Mark R. Ehrhardt, mark.ehrhardt@vanderbilt.edu1, Heather L. Ball2, Daniel A. Mordes2, David Cortez2, and Walter J. Chazin1. (1) Center for Structural Biology, Vanderbilt University, 5140 MRB III, 465 21st Avenue South, Nashville, TN 37232, (2) Department of Biochemistry, Vanderbilt University
Phosphoinositide 3-kinase related protein kinases (PIKK) including ataxia-telangiectasia mutated (ATM), DNA dependent protein kinase (DNA-PK), and ATM and Rad3-related (ATR) coordinate cellular responses to DNA damage. DNA-PK and ATM are primarily activated by double-strand breaks. The ATR kinase, in contrast, responds to numerous forms of genotoxic stress including intrastrand cross-links, oxidative damage, and polymerase toxins.

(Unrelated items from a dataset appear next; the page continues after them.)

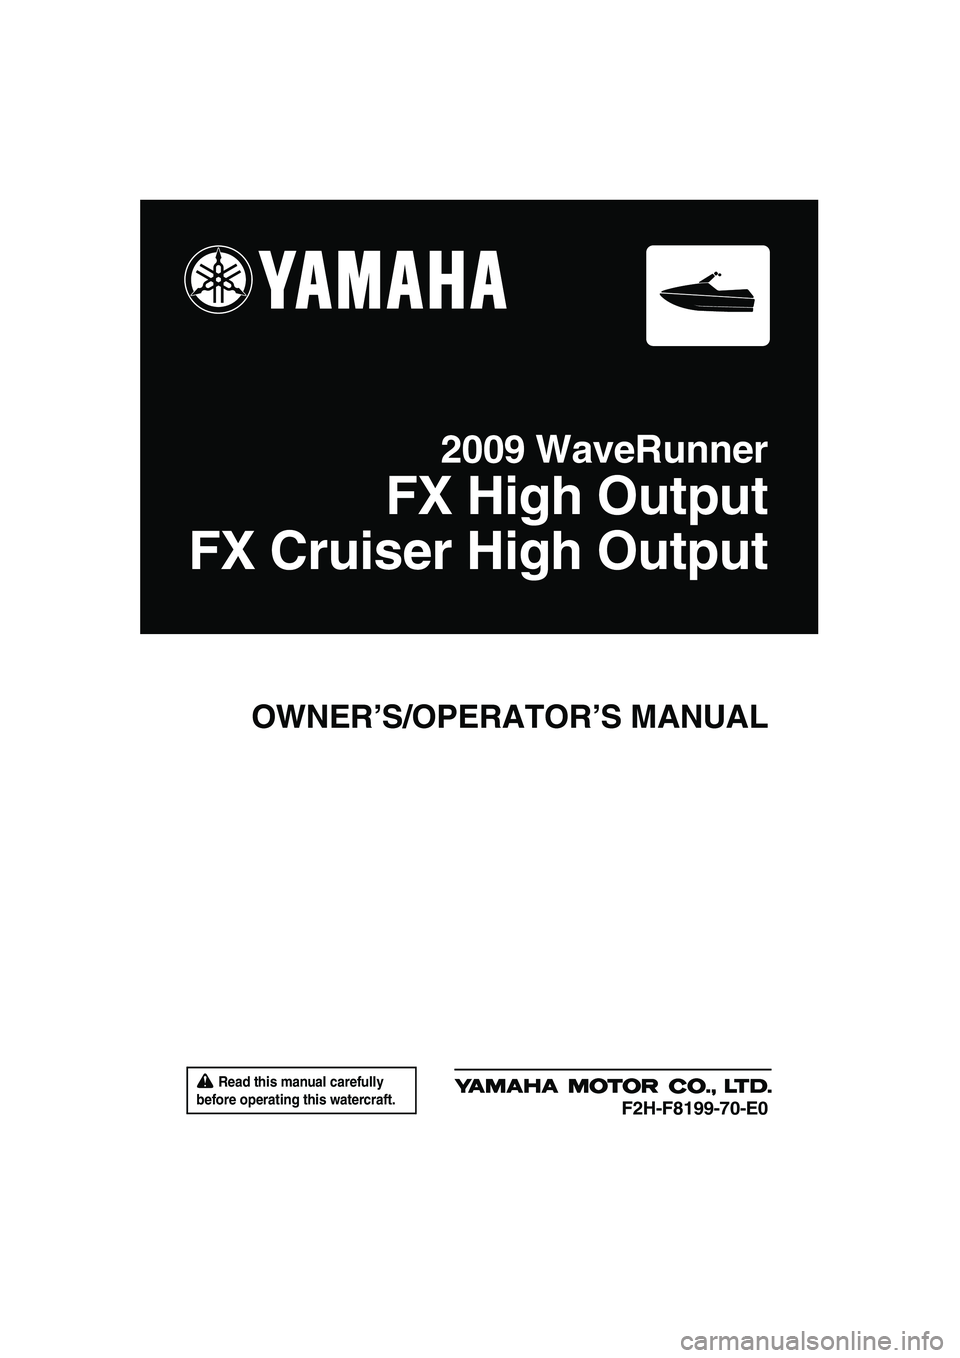 YAMAHA FX HO CRUISER 2009  Owners Manual  Read this manual carefully 
before operating this watercraft.
OWNER’S/OPERATOR’S MANUAL
2009 WaveRunner
FX High Output
FX Cruiser High Output
F2H-F8199-70-E0
UF2H70E0.book  Page 1  Thursday, Janu
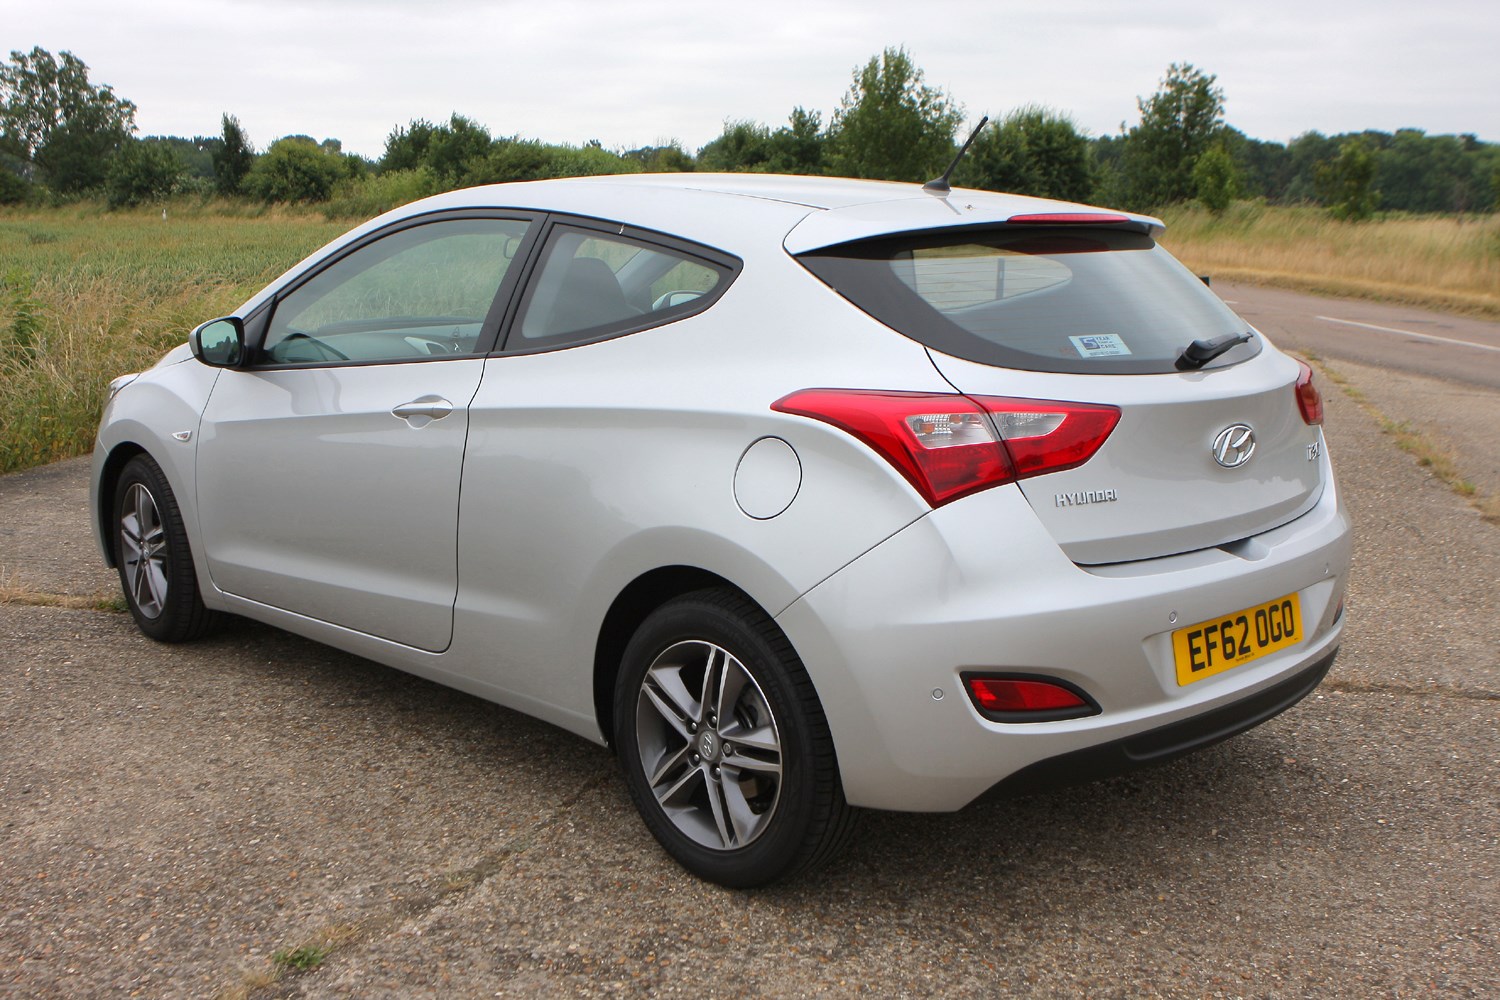 Hyundai i30 Hatchback Review Parkers

Recent data indicate that single-stranded DNA (ssDNA) coated with the single-stranded DNA-binding protein Replication Protein A (RPA) is a common intermediate responsible for activating ATR signaling in response to all of these genotoxic lesions. This RPA-ssDNA intermediate is produced via the decoupling of helicase and polymerase activities at a replication fork. It has been demonstrated that a functional domain at the N terminus of ATRIP is necessary and sufficient for interaction with RPA-ssDNA. We present here a detailed structural analysis of the primary binding interaction between RPA and ATRIP utilizing a range of biophysical techniques including NMR spectroscopy.